Past winners of the award are:

- 2024 Terry McMillan
- 2022 Walter Mosley
- 2020 Anita Hill
- 2018 Iyanla Vanzant
- 2016 Tavis Smiley
- 2014 Susan L. Taylor
- 2012 Hill Harper
- 2010 Pearl Cleage
- 2008 Nikki Giovanni
- 2006 Michael Eric Dyson

== One Book, One Tulsa ==
One Book, One Tulsa is held annually.
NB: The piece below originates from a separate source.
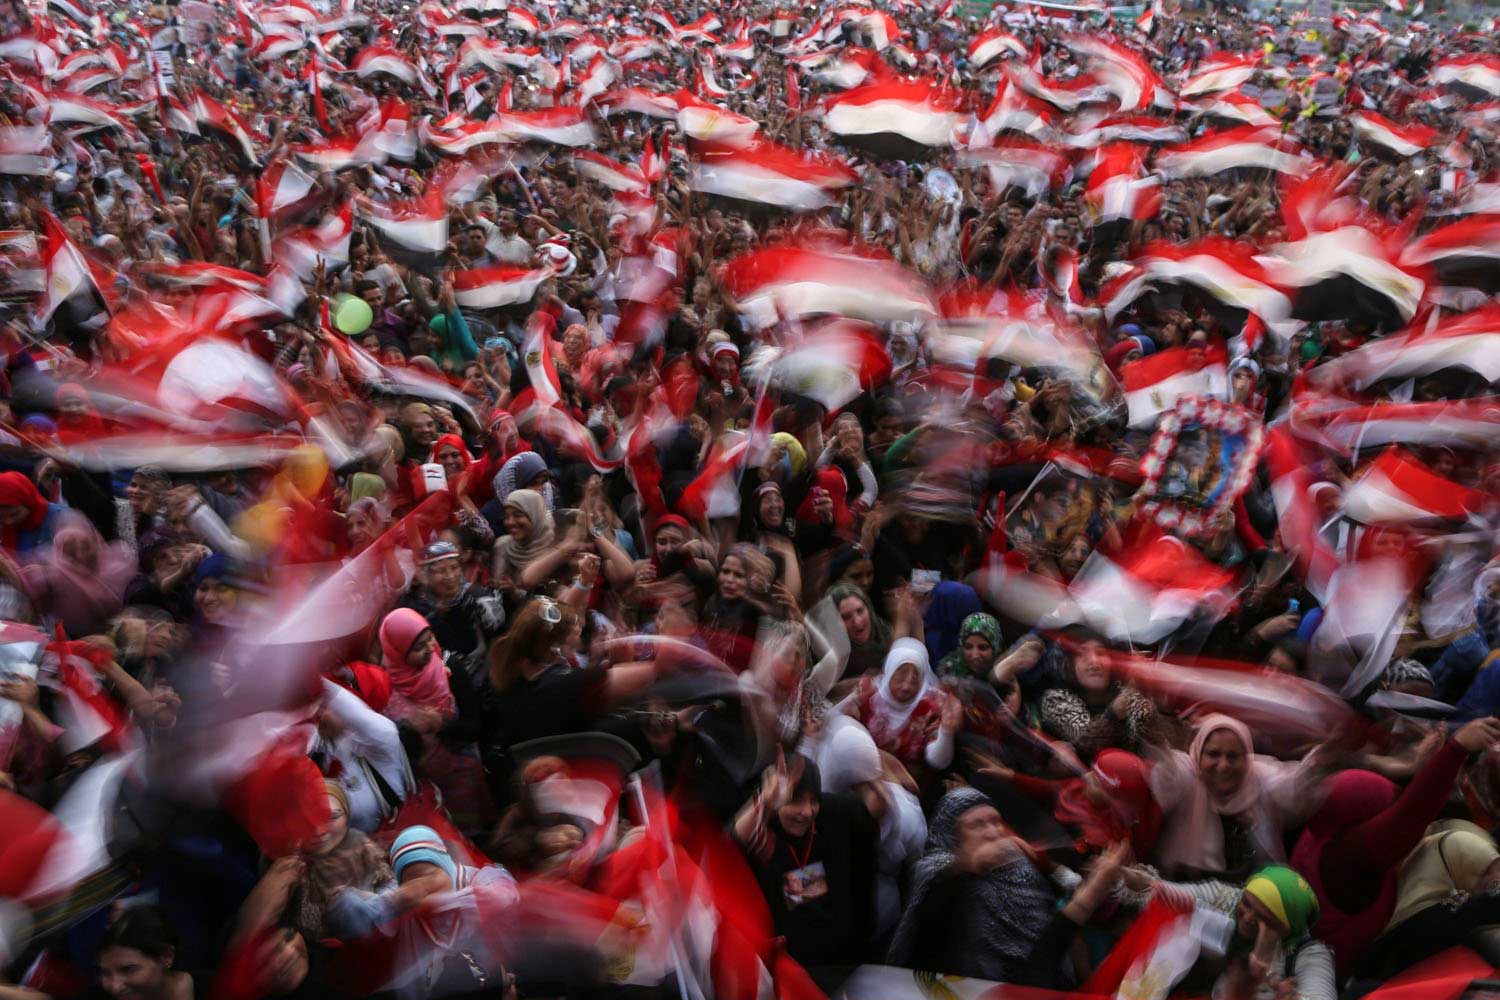 Egyptians wave national flags as they celebrate in Cairo's Tahrir Square on June 3, 2014 after ex-army chief Abdel Fattah al-Sisi won 96.9 percent of votes in Egypt's presidential election.

The Tulsa City County Library chooses one book and encourages residents of Tulsa to read the book. There is a book panel held, usually headed by the author. The goal is to bring the Tulsa community together as well as foster literacy within the broader Tulsa community and encourage meaningful conversations about the selected book.